There were also his high school football coaches at Handley High, Wayne Freeman, an All-American at Alabama in the early 1960s, and Rick Rhodes, who retired as Division II Delta State’s head coach in January. Adcock said he was impacted as a young coach by Bill Ragle, who played at Troy and Alabama before hiring Adcock to his coaching staff at Handley High and later Smiths Station.

Then there was Dan Washburn, retired executive director of the Alabama High School Athletic Association, who impressed Adcock for years as a coach at Lanett High. Most recently there was Rivers, who Adcock coached under as a Decatur assistant and described as “outstanding at reaching and dealing with young people.”

On the professional level, Adcock, a member of the First Bible Church, looks up to Tony Dungy, reigning Super Bowl champion coach of the Indianapolis Colts, who is known as a devout Christian.

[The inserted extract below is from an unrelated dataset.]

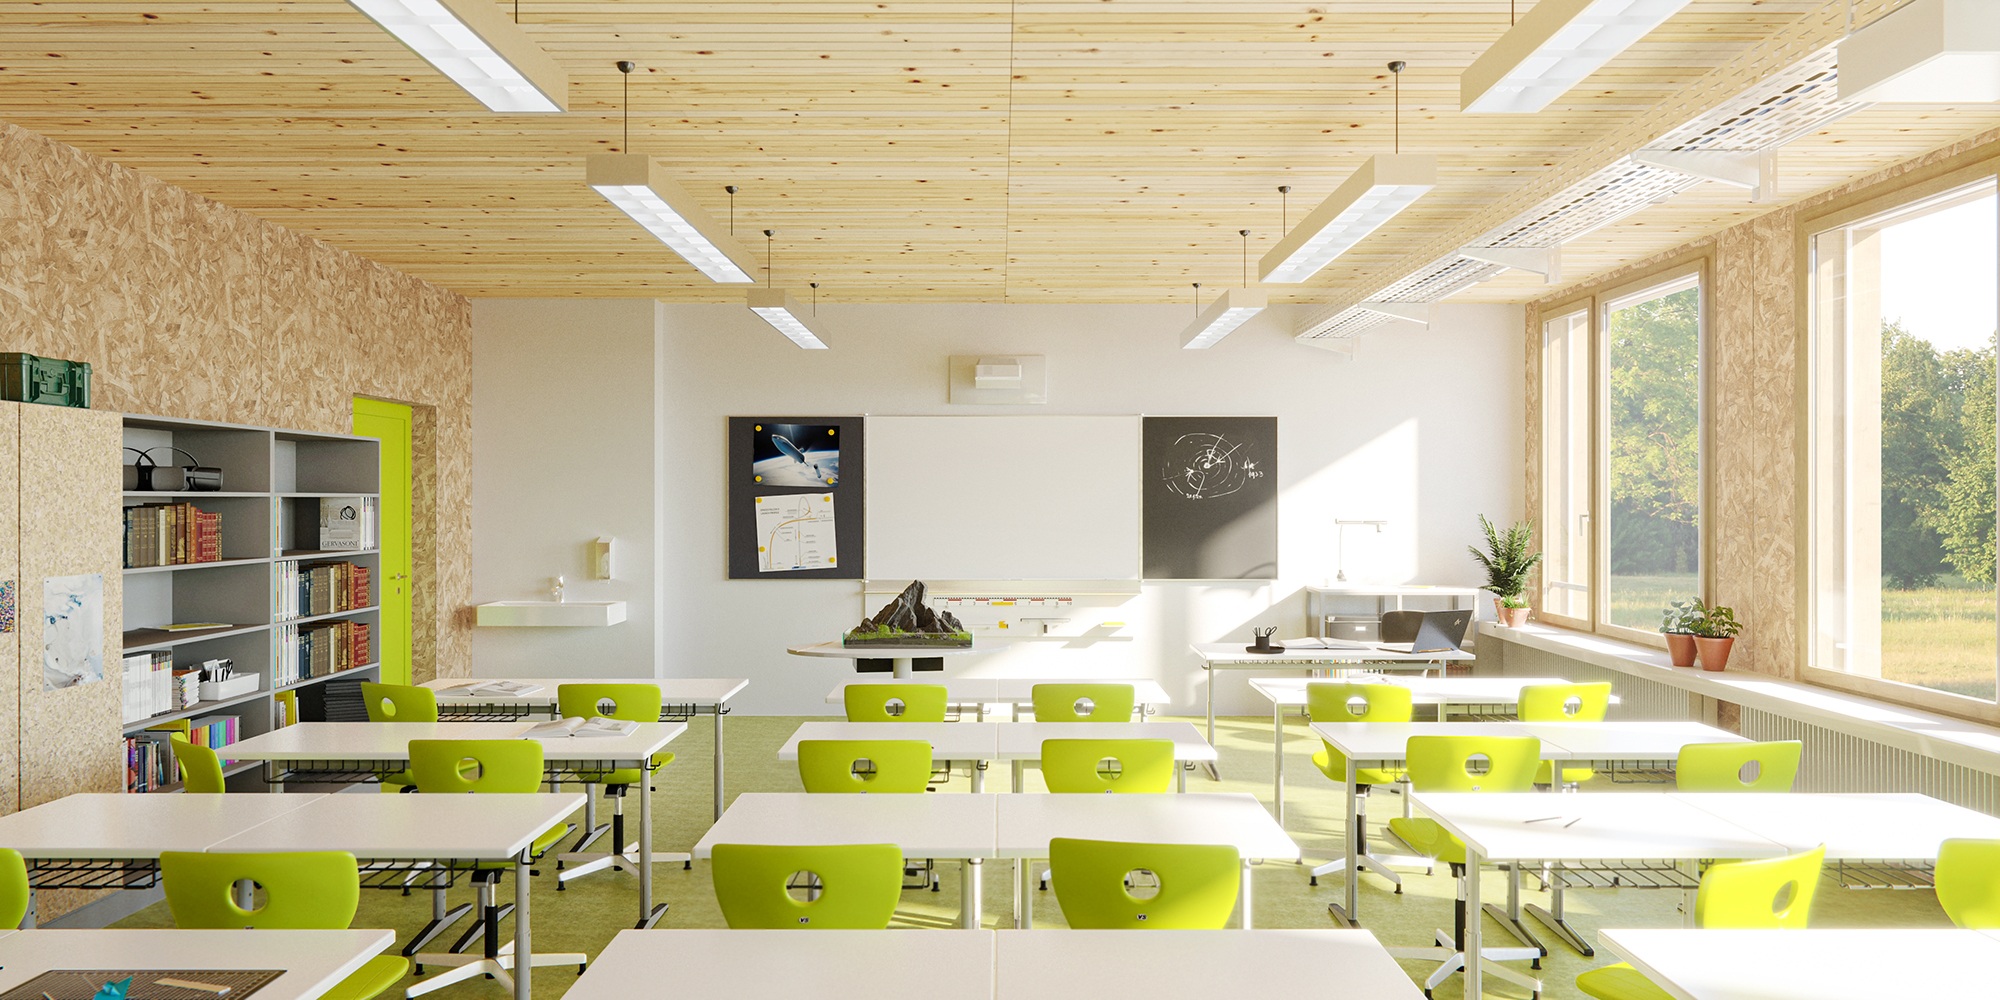 Salle de classe meublée et intérieur de l’école en construction modulaire en bois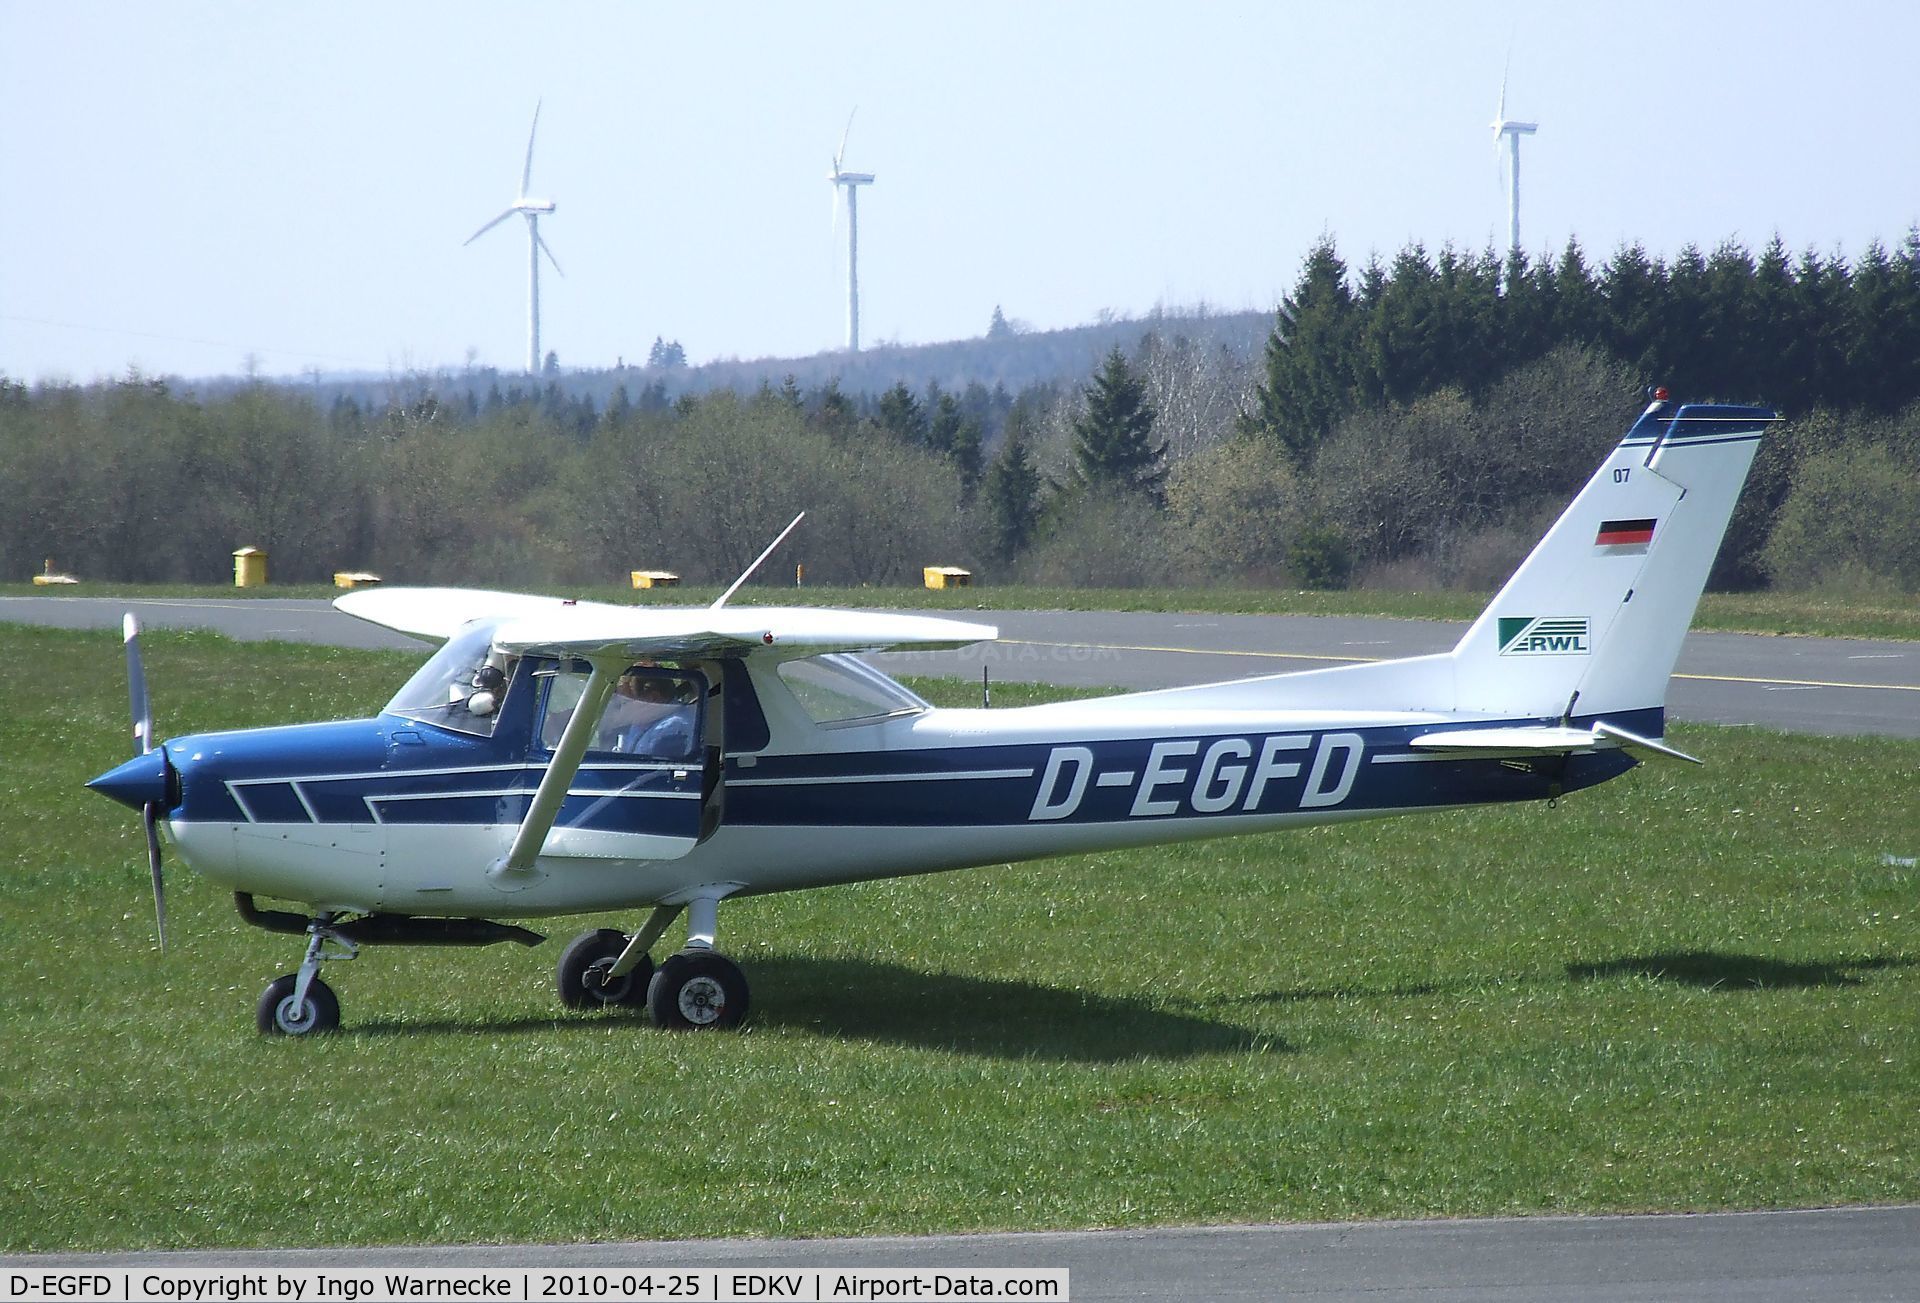 D-EGFD, Reims F152 C/N 1630, Cessna (Reims) F152 at Dahlemer Binz airfield

Adcock said all have influenced his coaching journey, as part of a long list of former and current coaches to whom he’s indebted and tries to imitate.

Like most coaches, Adcock has his ways of keeping his professional routine fresh — new offensive developments, new defenses, new players coming in each season.

“It’s good just to revitalize yourself,” Adcock said.

But overall, he said, he could never imagine the daily routine of coaching getting old.

And when Adcock sits outside with a cup of coffee at Ogle Stadium on a fall morning and watches the sunrise, as he said he often does, he knows he is right where he is meant to be.

“I’ve never, ever gotten out of bed as a coach and a teacher and dreaded going to work,” he said. “Every day, I get up with a passion about what I do. And I hope I have this fire a long time.”